Study on Male Infertility
Another study showed the effect of genital herpes on male infertility. It was determined that having genital herpes may lower sperm count which, in turn, may affect your chances of getting pregnant. Herpes may actually be a significant factor in unexplained infertility for men.
Outbreaks Are Common Complications
A common complication that may also occur is if it is time to try to conceive and you have a herpes outbreak. This could delay intercourse and therefore interfere with potential conception and pregnancy.
Other Important Facts About Genital Herpes
The following important facts from the Centers for Disease Control and Prevention (CDC) will give you an additional perspective on genital herpes as you consider your options to get pregnant.
- Genital herpes is common in the United States, affecting one in 16 people ages 14 to 49.
- Most of those infected with herpes simplex have had minor or no active symptoms.
- More women are infected than men, and men pass the disease to women more frequently than vice versa.

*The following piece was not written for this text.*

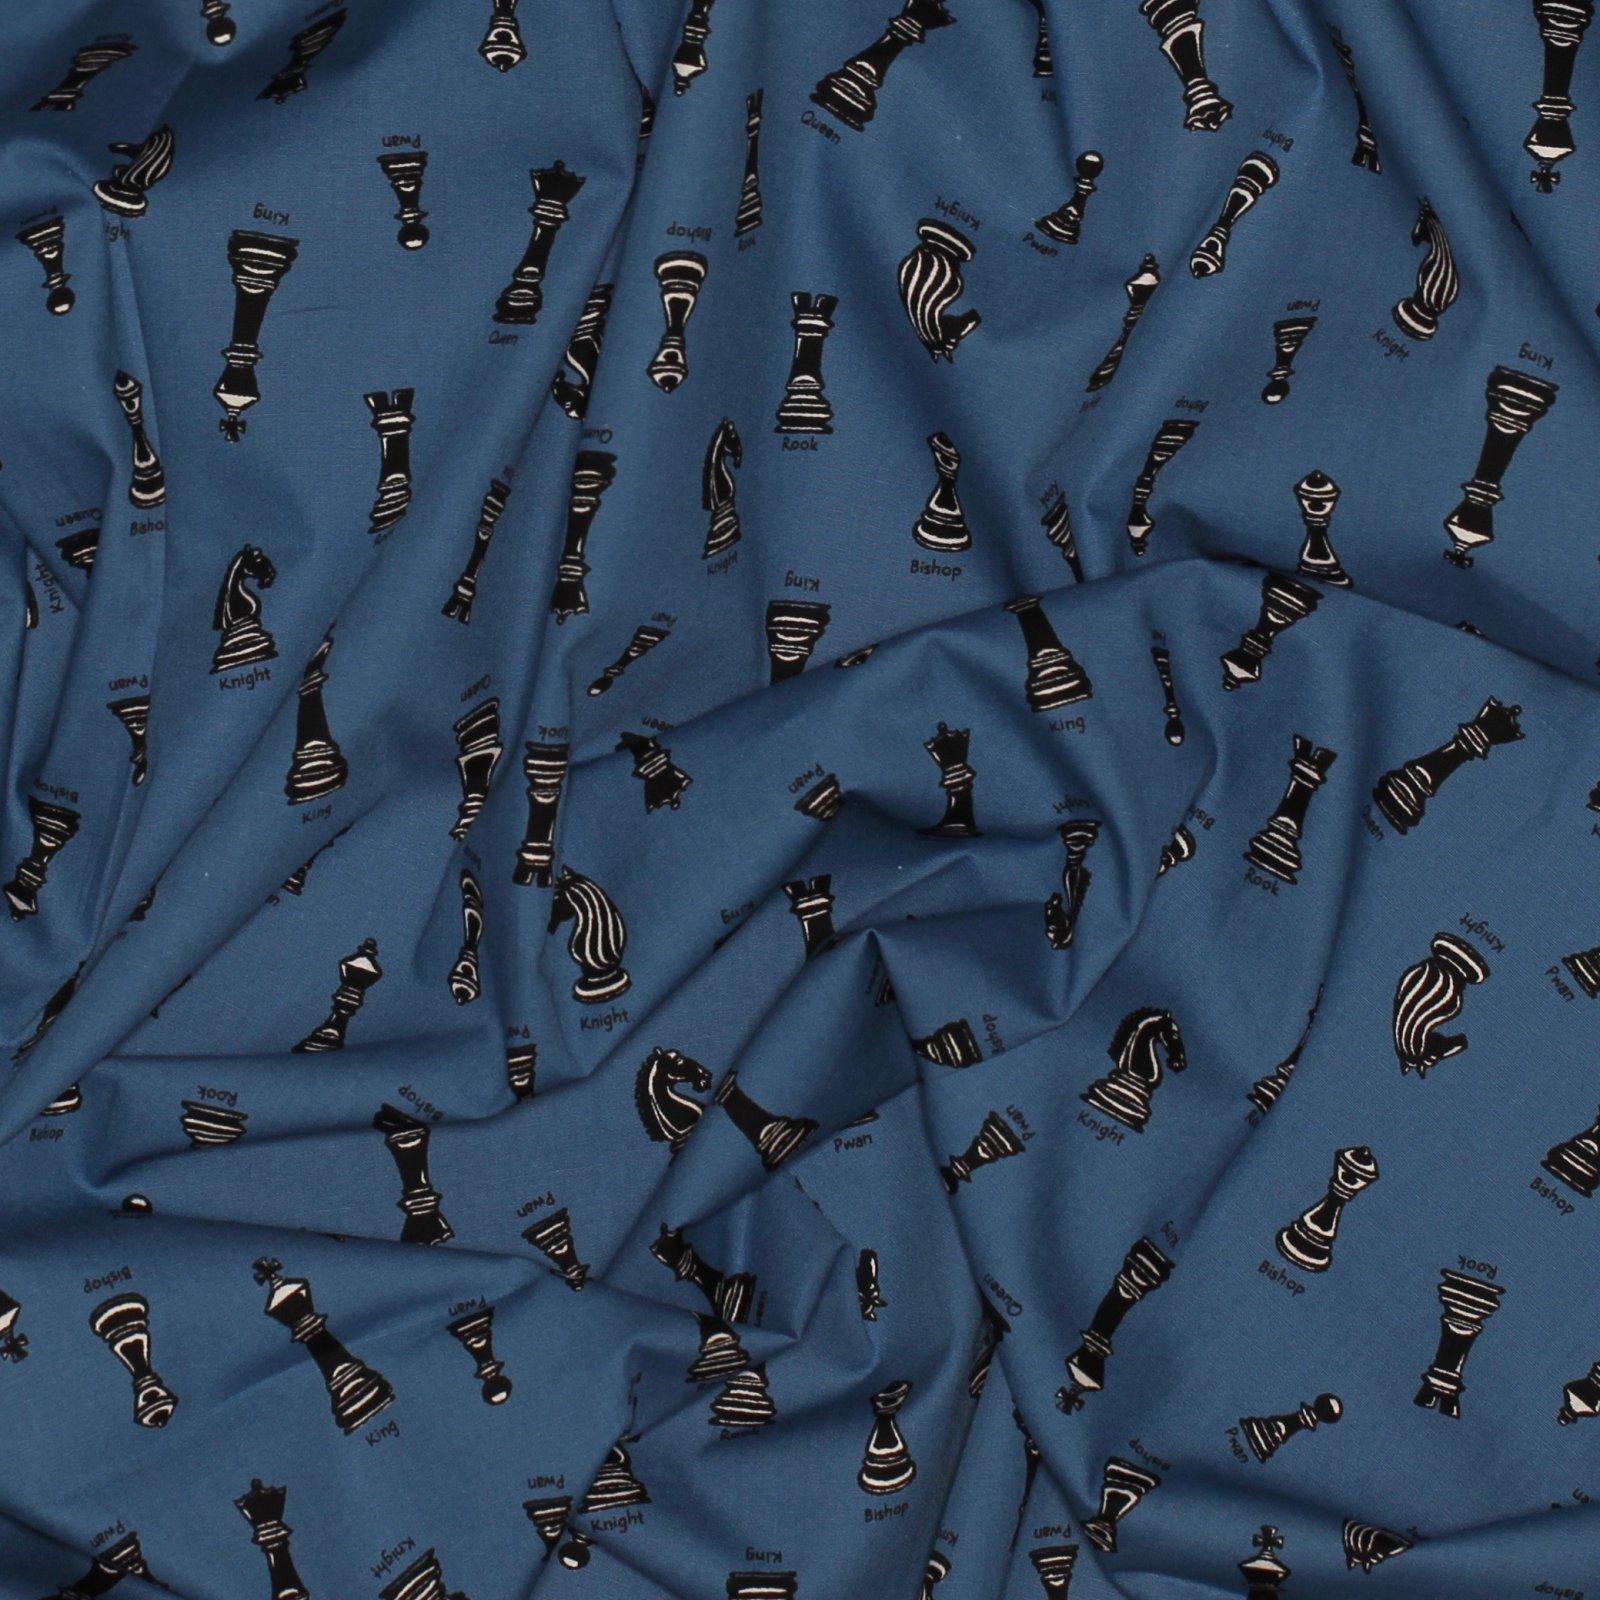 Chess Pieces on Blue - Japanese Cotton Poplin - Sevenberry

- Herpes simplex type 2 causes most cases of genital herpes, while type 1 mostly infects the mouth and is responsible for "fever blisters."
- People infected with genital herpes only shed the virus 10% of the time when there are no lesions.
In the absence of lesions, a doctor can swab your genital area and send it to test for herpes simplex DNA to see if you are shedding the virus. However, because the virus only sheds 10% of the time, a negative test doesn't mean you don't ever shed virus.
Ways to Transmit the Virus
In addition to the risk of transmitting the virus to a partner through an open herpes lesion or through shedding from skin, other routes of sharing the virus include:
- Fluid in a herpes blister
- Contact with the mucus lining of the mouth or vagina
- Through secretions from the mouth, vagina, or penis
Condoms and Herpes
You and your unaffected partner should use latex condoms when you are not trying to get pregnant. However, condoms don't fully protect because uncovered genital areas can still transmit the virus. In addition, if you are the one infected and you have ever had unprotected sex with your partner before, he may already be infected and not know it because he never had symptoms.
Getting Pregnant Is Possible With Genital Herpes
For most people, having a diagnosis of genital herpes can be stressful and life-changing. Because there is no cure, trying to get pregnant can be challenging but not impossible. Knowing the essentials about the virus and how to decrease the chance of infecting your partner (and vice versa), and how and when to time intercourse can help you get pregnant safely. Talk to your doctor for more help and insight.